Write the data out again exactly, with no pictures.

## Dataset section
• • • • •

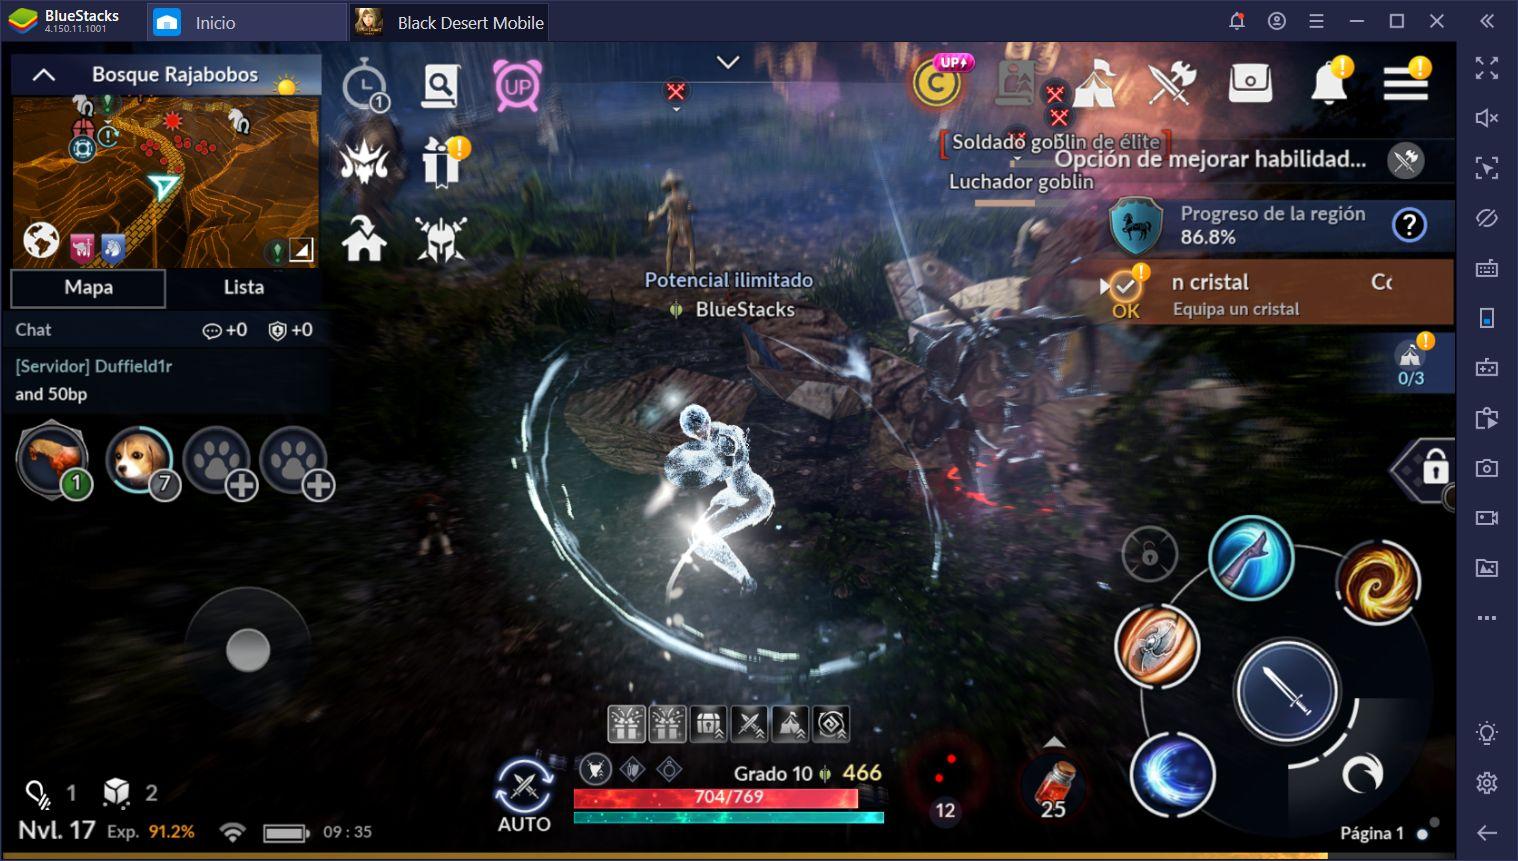 Controles de Juego de BlueStacks - Juega Juegos de Android en PC con Mouse y Teclado o Mando
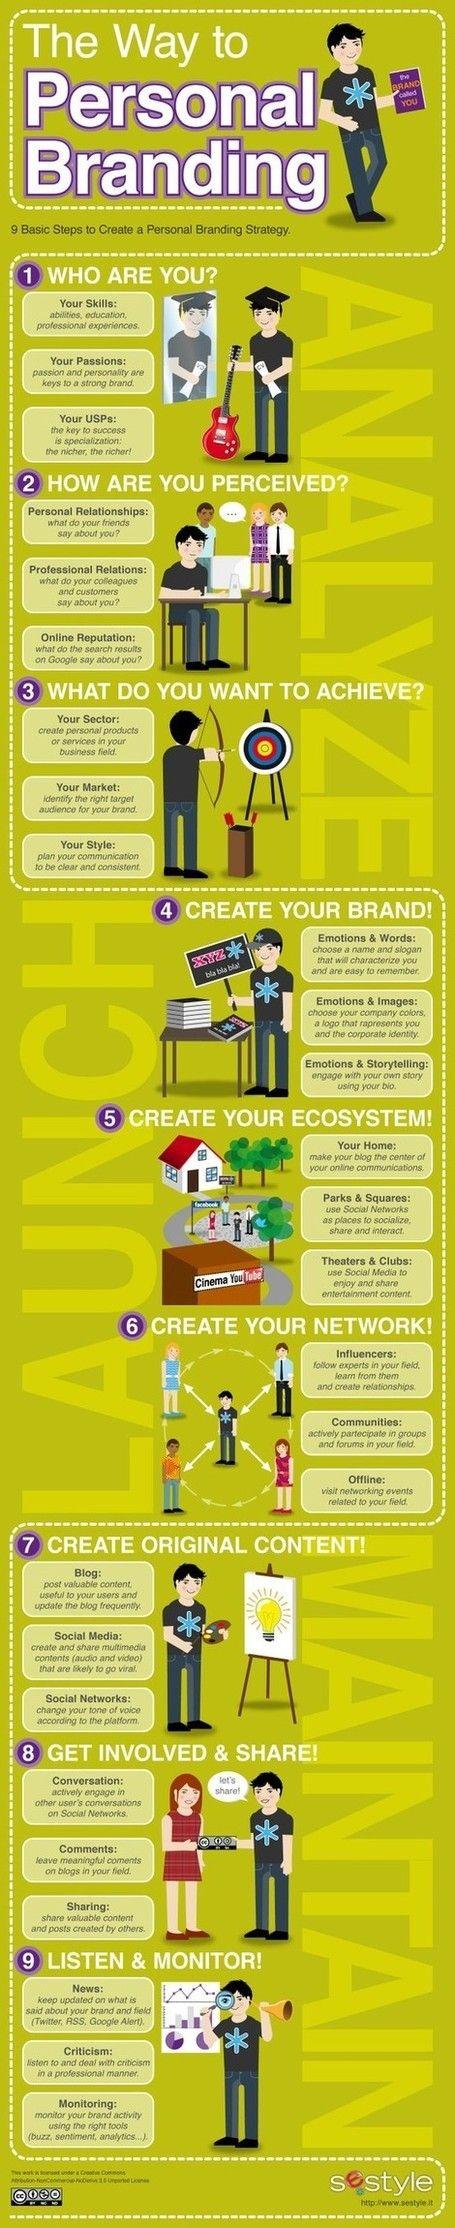 Selbstvermarkzung, Tipps und Tricks, Marketing, Infografik
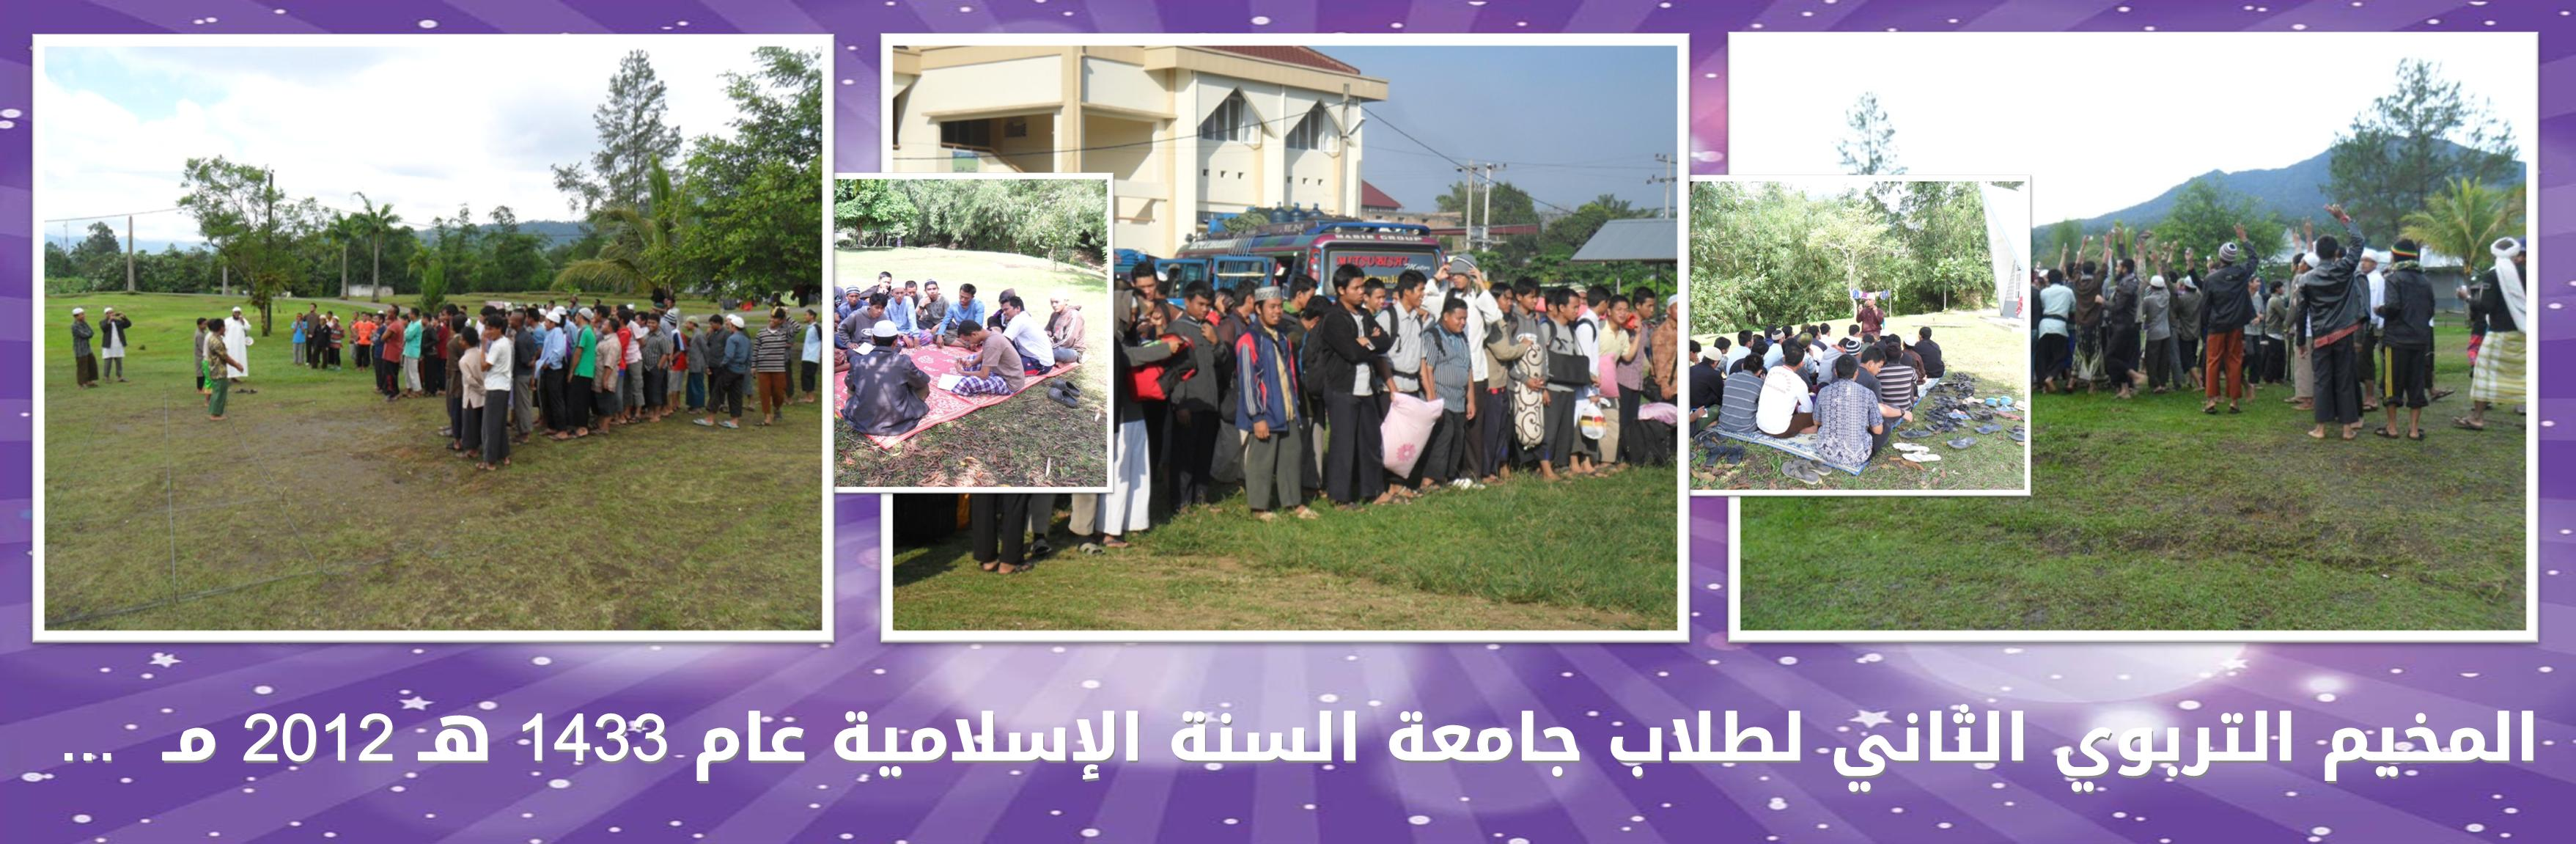 المخيم التربوي الثاني لطلاب جامعة السنة الإسلامية

• • • • •

## Your solution
 Controles de Juego de BlueStacks - Juega Juegos de Android en PC con Mouse y Teclado o Mando
 Selbstvermarkzung, Tipps und Tricks, Marketing, Infografik
 المخيم التربوي الثاني لطلاب جامعة السنة الإسلامية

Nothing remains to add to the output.